## What to produce
A verbatim repetition of the data below is requested, without images.

## Stored data
--- START ---

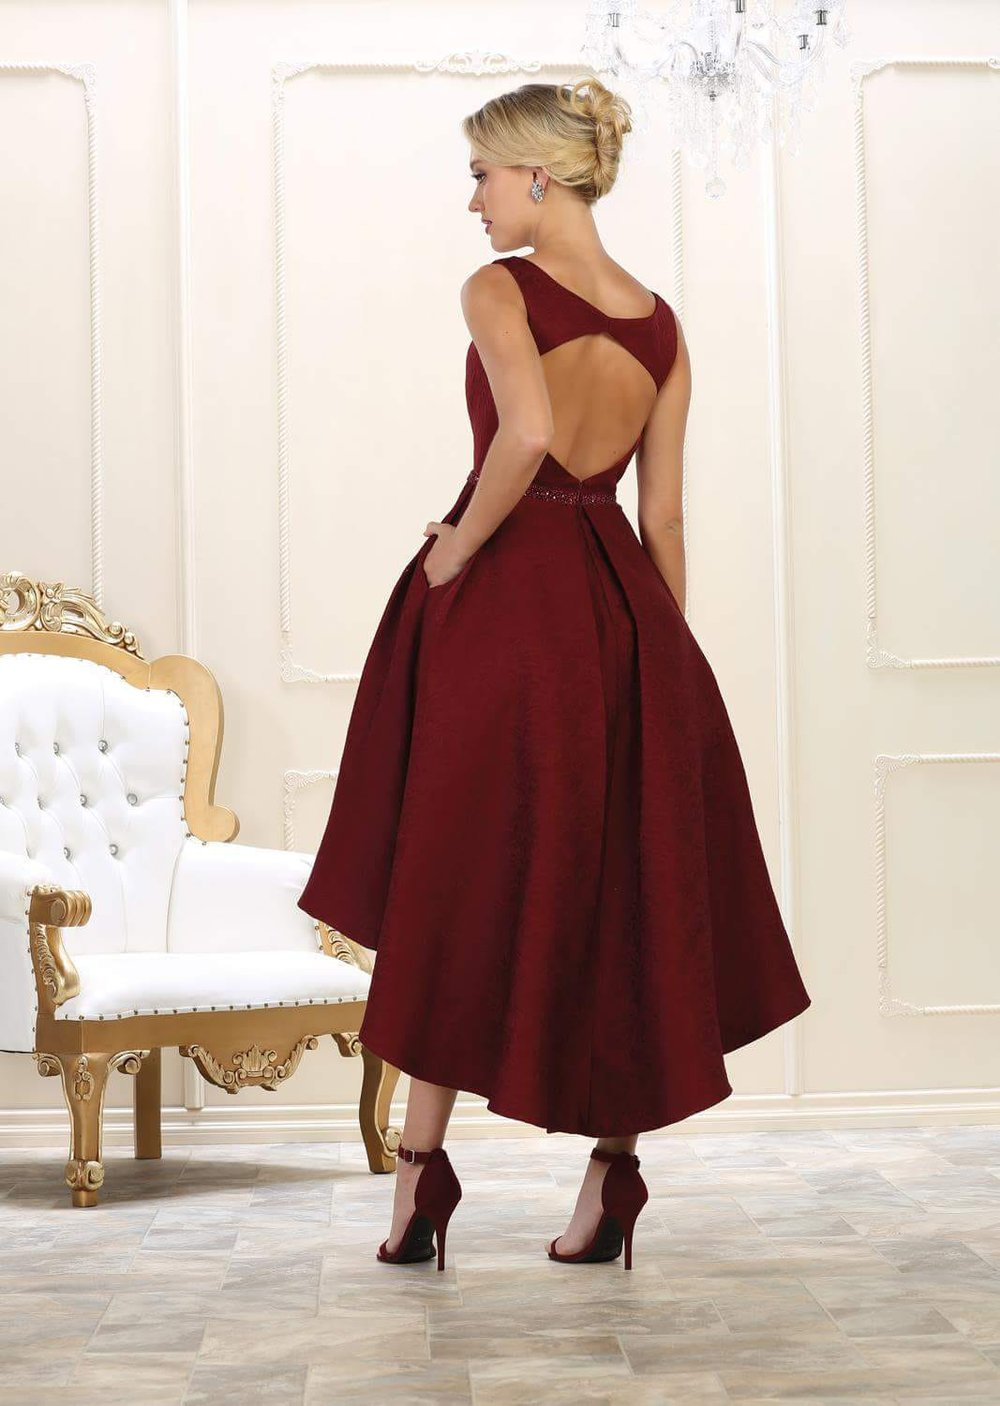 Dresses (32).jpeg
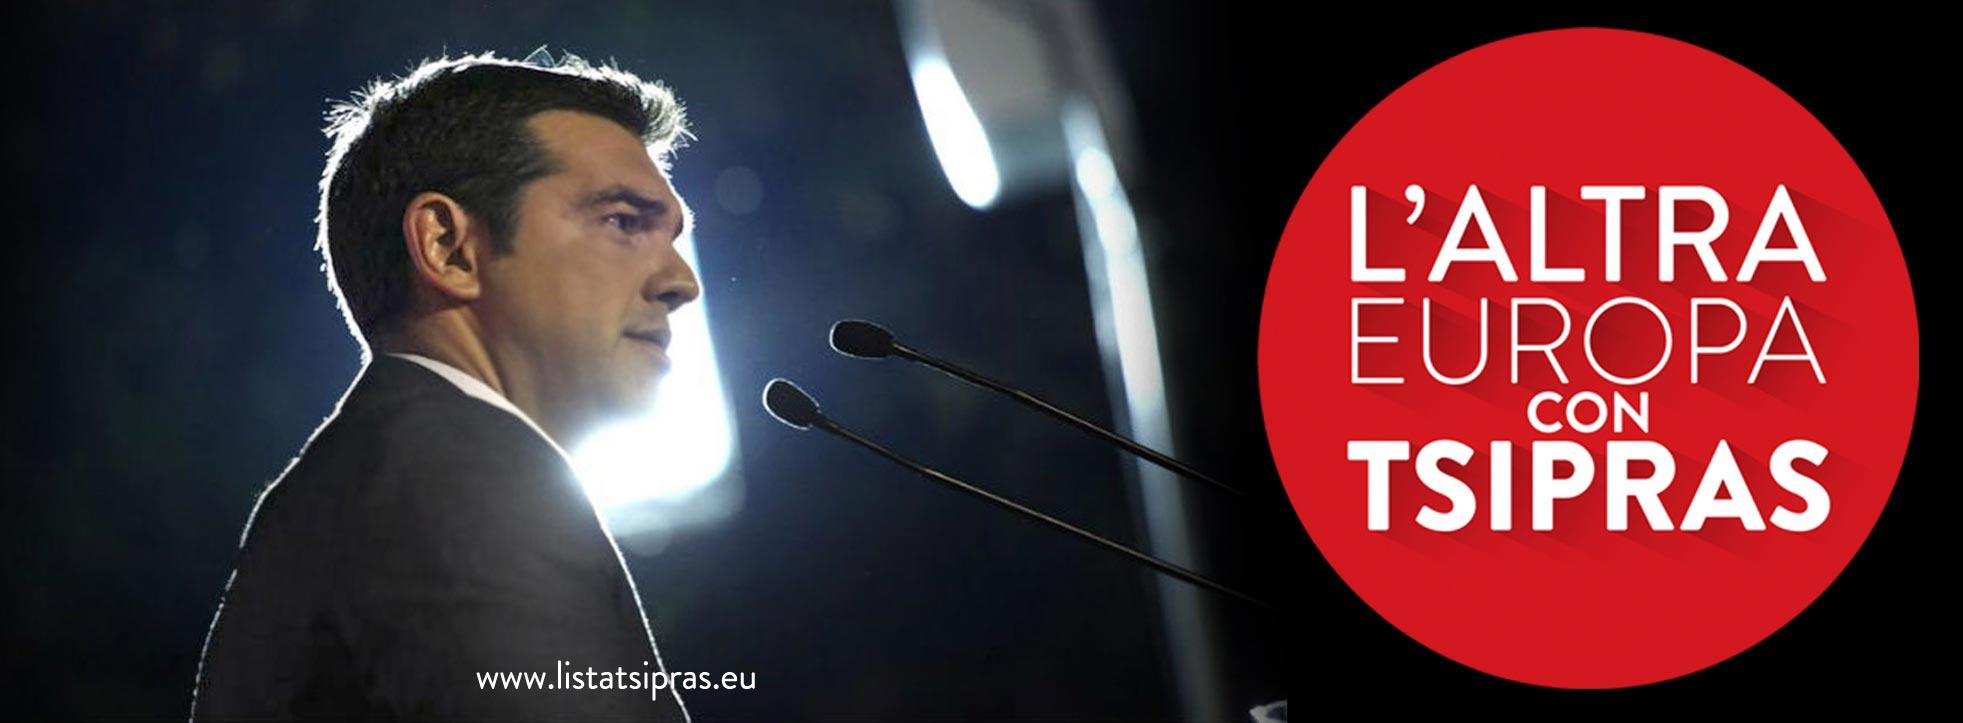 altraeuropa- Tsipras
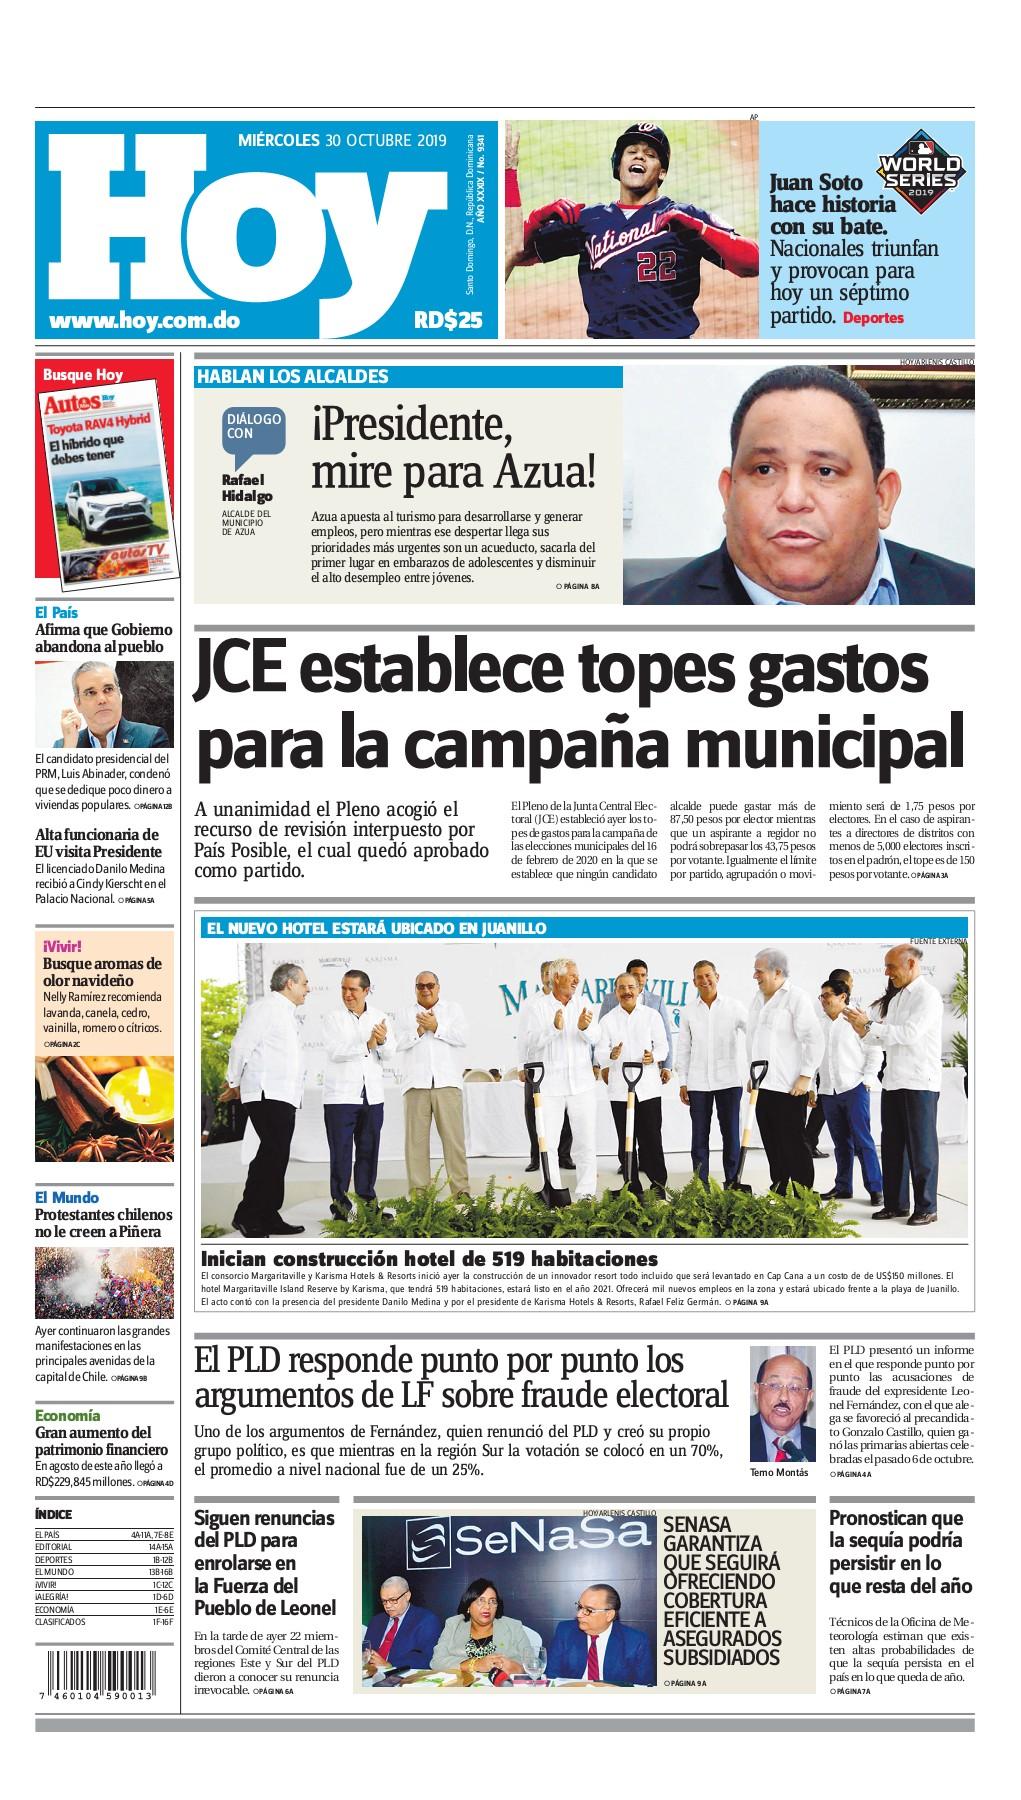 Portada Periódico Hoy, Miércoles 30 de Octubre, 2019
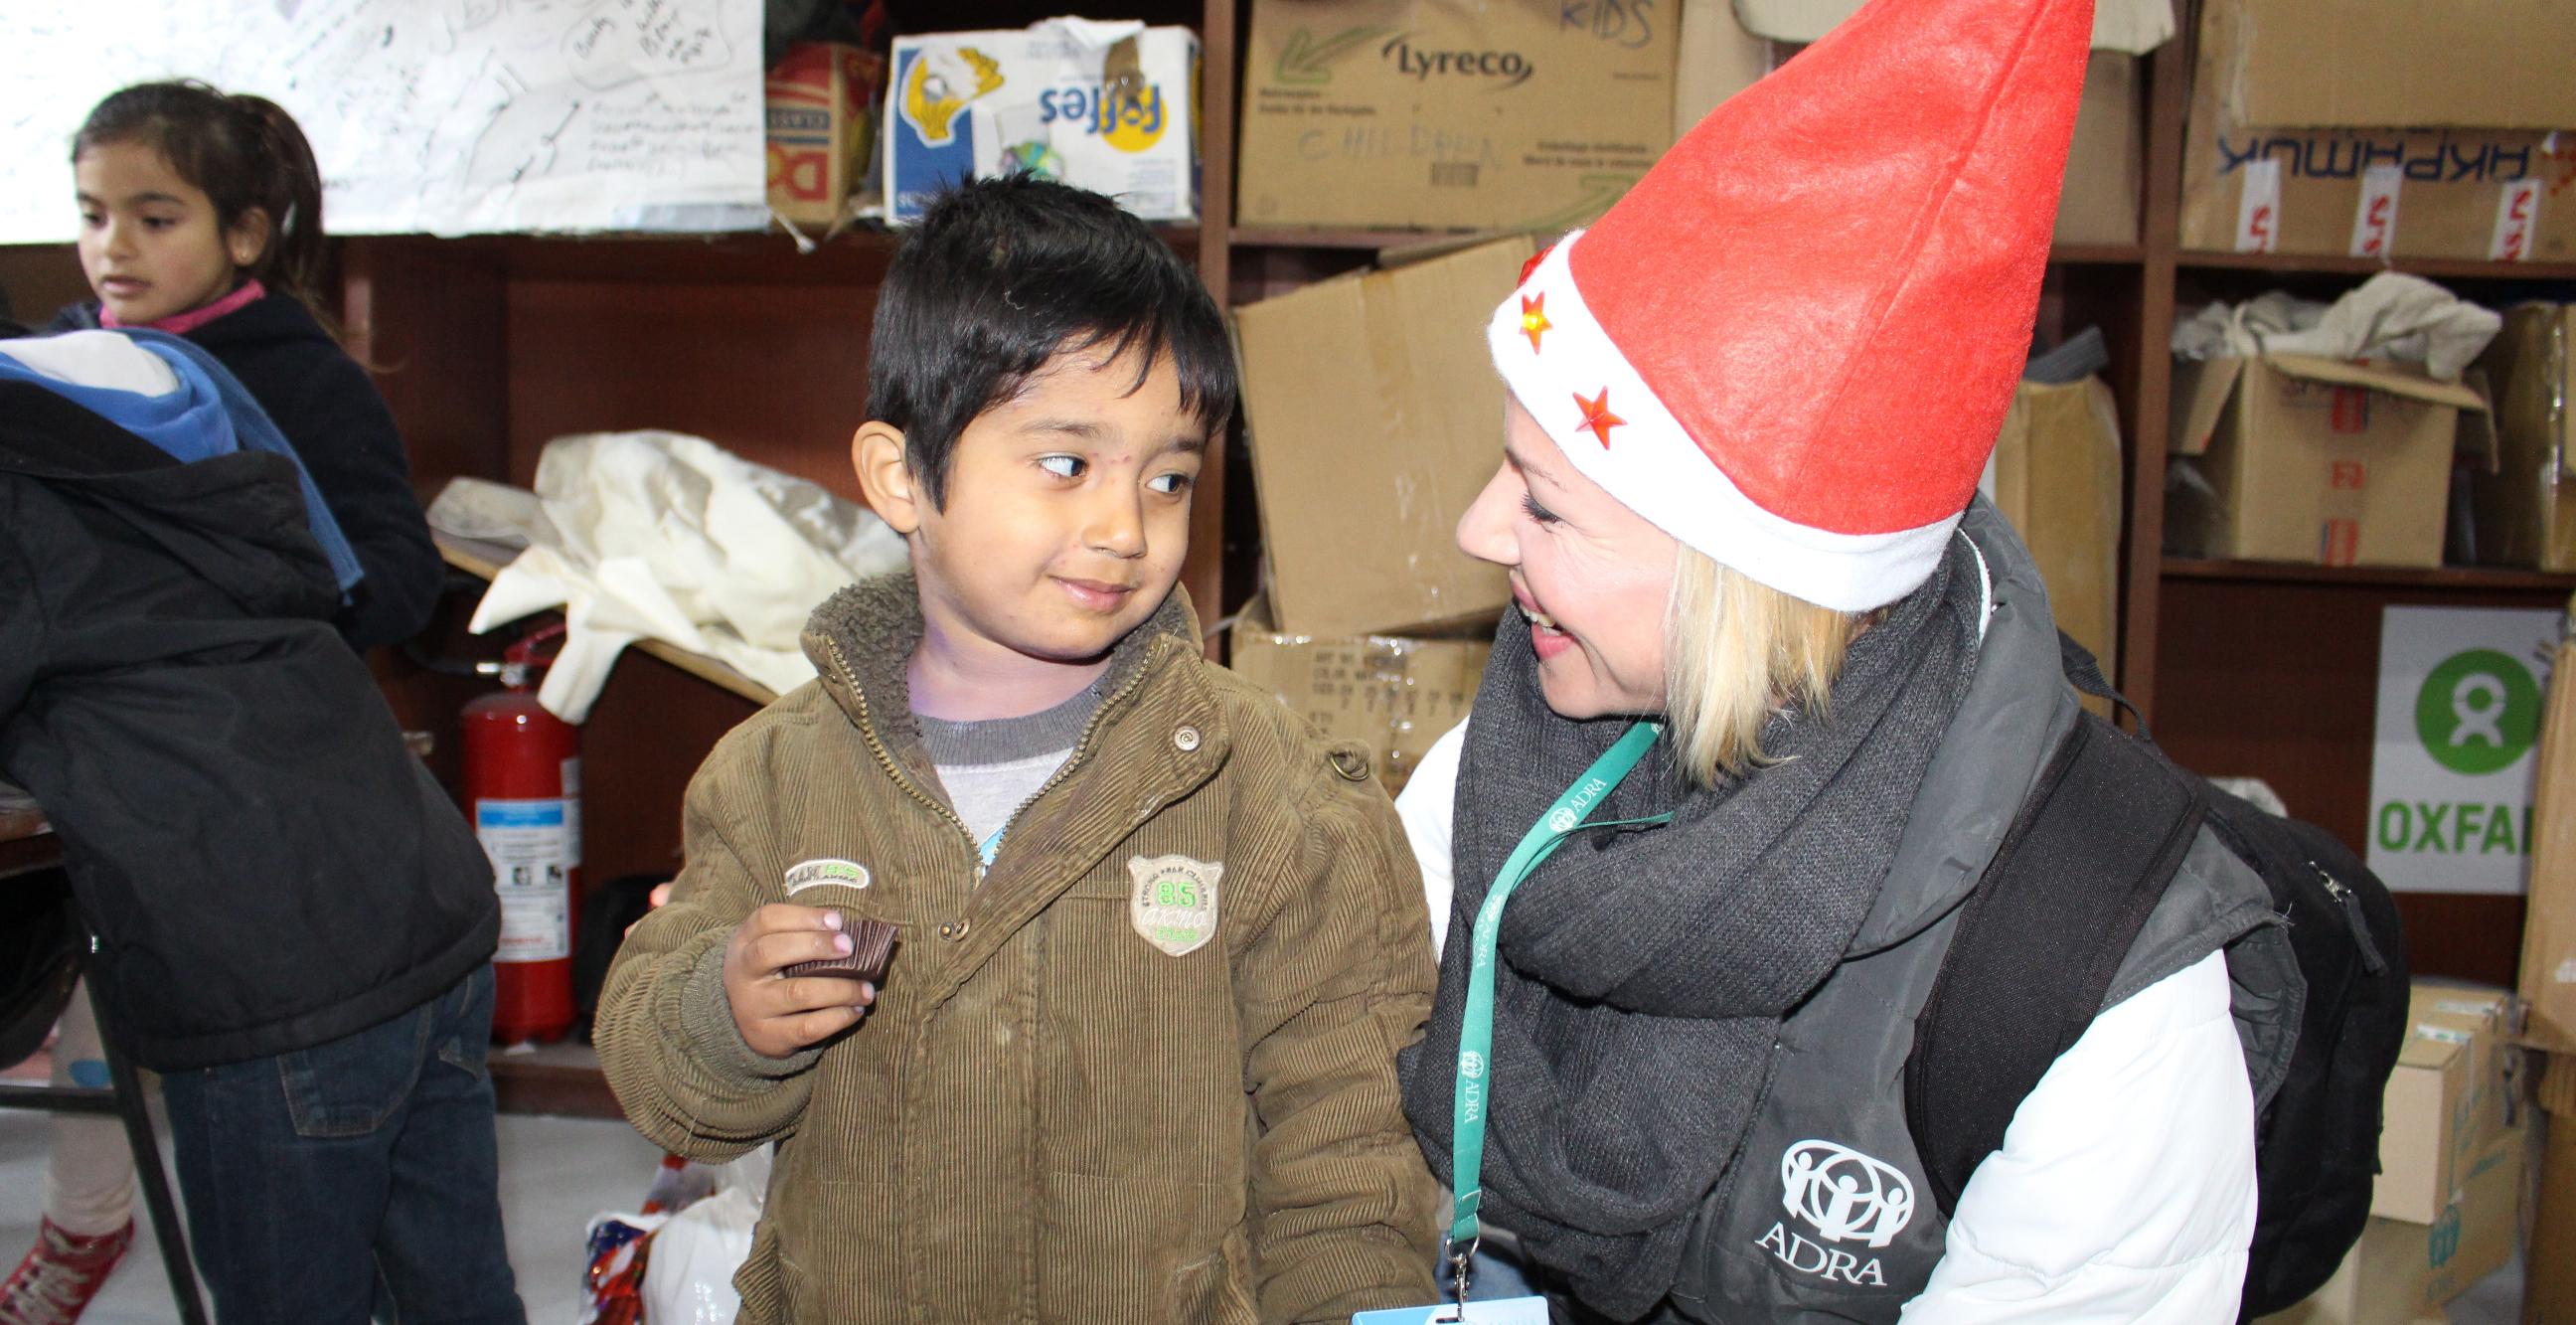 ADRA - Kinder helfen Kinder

--- END ---

## Response area
 Dresses (32).jpeg
 altraeuropa- Tsipras
 Portada Periódico Hoy, Miércoles 30 de Octubre, 2019
 ADRA - Kinder helfen Kinder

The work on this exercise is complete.